I've been working with rails for a long time, so it doesn't feel like magic to me, but I can understand that concern. I highly discourage metaprogramming unless there is an obvious win. Rails/Ruby, especially in the beginning really leaned in hard on metaprogramming, but I've seen that be less of a trend with ruby. From my perspective, the metaprogramming trend has been going down. Ruby makes writing DSLs easy, and that can appear as magical too. In general, if a rails project follows convention it is easy to find what you're looking for.

I don't understand what you mean the global namespacing. Ruby has namespacing, and adding to the global namespace should be avoided except for adding new class definitions. Maybe you're referring to inheritance, and how much stuff can sneak into the current scope from class inheritance.

I’m guessing they mean the lack of manual import/use statements. Tends to annoy folk coming from other languages
Yeah, our rails codebase by default has everything in the global namespace. It's possible to add namespacing with modules, which we do all over the place, but it took some getting used to for me to learn that everything was automatically "available" without any import statements anywhere.

While convenient, it's made it very hard for me to reason about each module's dependencies and interconnections to other bits of the code.

It may not be as employment-friendly as it once was, but it sure is pleasant to use. I like it better than anything except Scheme, personally.

I agree with you about Python, but I've come to appreciate JS much more than I once did (it helps that some of the major pain points have gone away in recent versions).

No. It’s dead, Jim. (That said, it’s better than Python by miles, but it suffers from the same curse as Lisp.)
Yes.

Read the other comments: people who work with ruby usually love it.

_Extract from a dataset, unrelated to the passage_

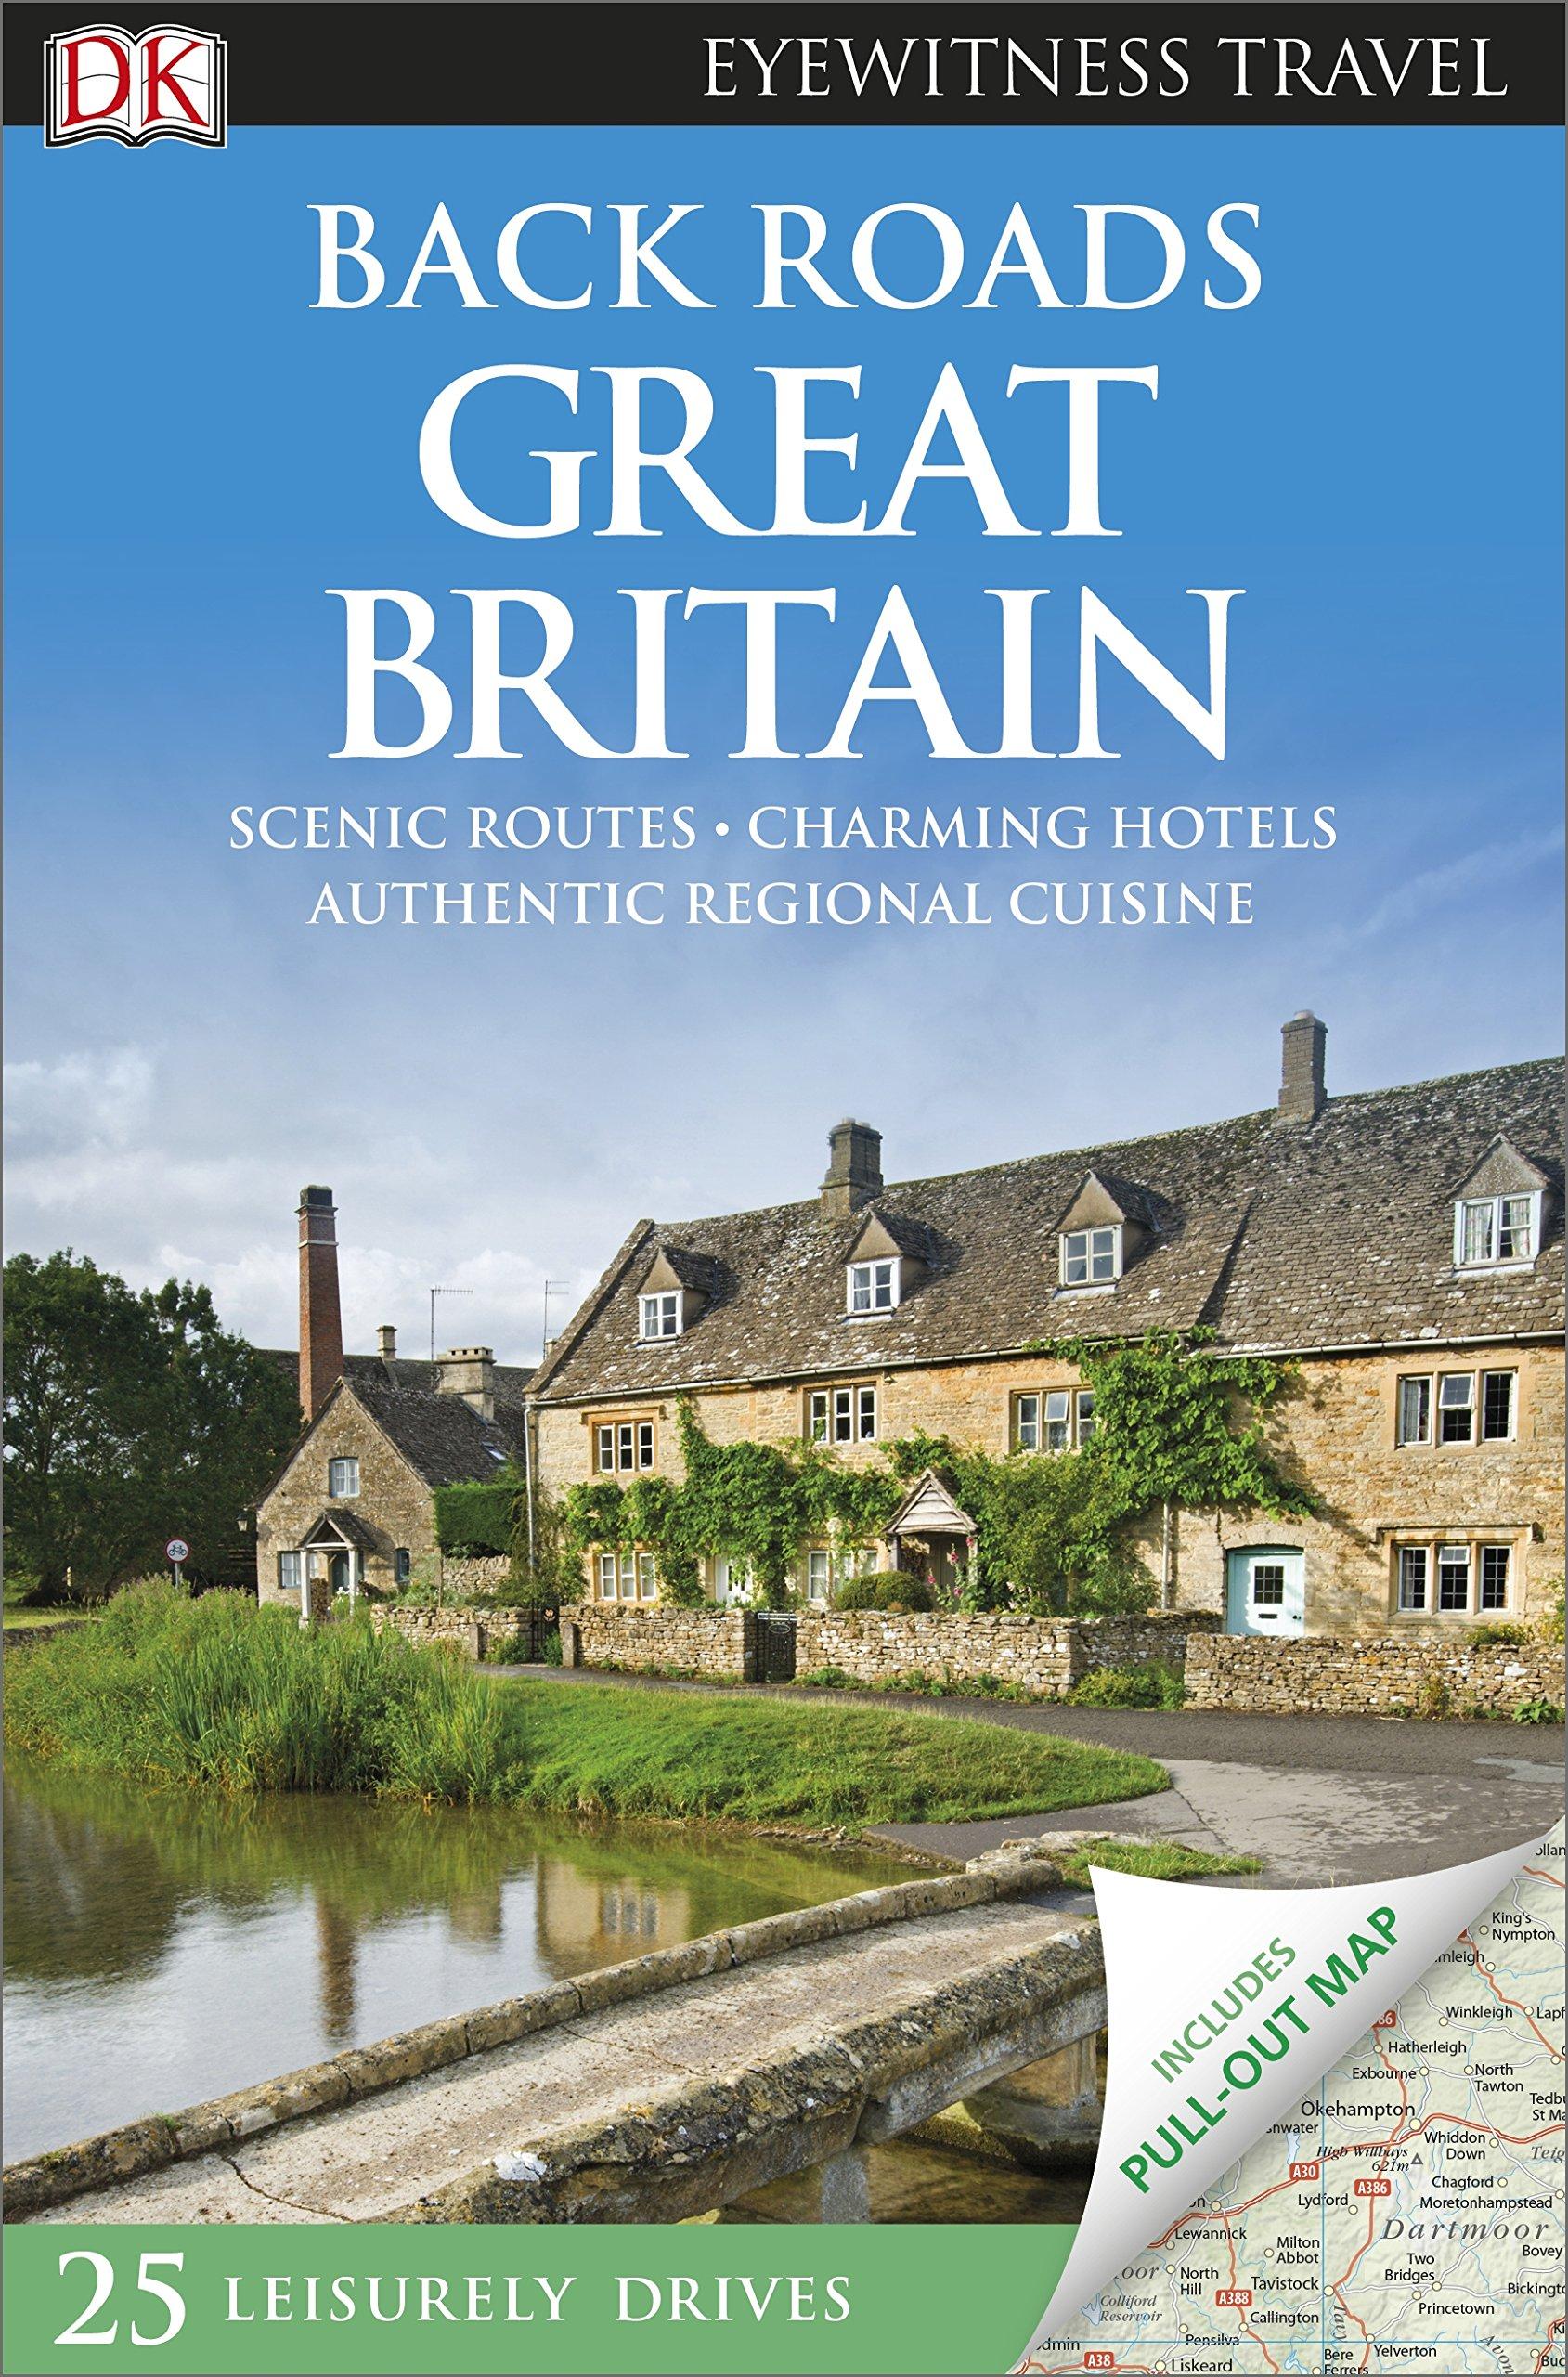 Back Roads Great Britain (DK Eyewitness Travel Guide)

In every HN ruby related post, there's always some post like "ruby is dead". I've been hearing that since I started my career 10 years ago.

By force, we shall bring type safety to the hellscape that is browser-land!

Disclaimer: I am a Rust developer who targets the web.

If you're looking for type safety, isn't TypeScript enough?
Typescript isn't a very strong type system. At least not like Rust/Go are.
Strong or weak typing doesn't have an impact type safety.

TypeScript is statically typed which guarantees type safety.

TypeScript is often used in web environment which often leads to developers defeating the type system. For example, applications often cast some user input, API response, or local storage to an expected type, but that is not a limitation of TypeScript, and would not necessarily be solved by using some other language like Go or Rust.

TypeScript is an unsound type system [0], but in practice this doesn't have any real impact on most web applications.

[0]: https://www.typescriptlang.org/docs/handbook/type-compatibil...

Interesting, strict + static types in Rust isn't normally what most Rust people are proud of, it's normally the memory safety guarantees.

The web isn't a hellscape, but I'm still hyped about WASM on here!

The memory safety guarantees are: Rust has affine _types_ ^.

^ With opt-in memory leaks

This looks to be a lift of the Ruby MRI interpreter via emscripten and targeted at non-browser runtimes, using linear memory rather than GC. Would be cool to see a non-emscripten Ruby for WASM GC.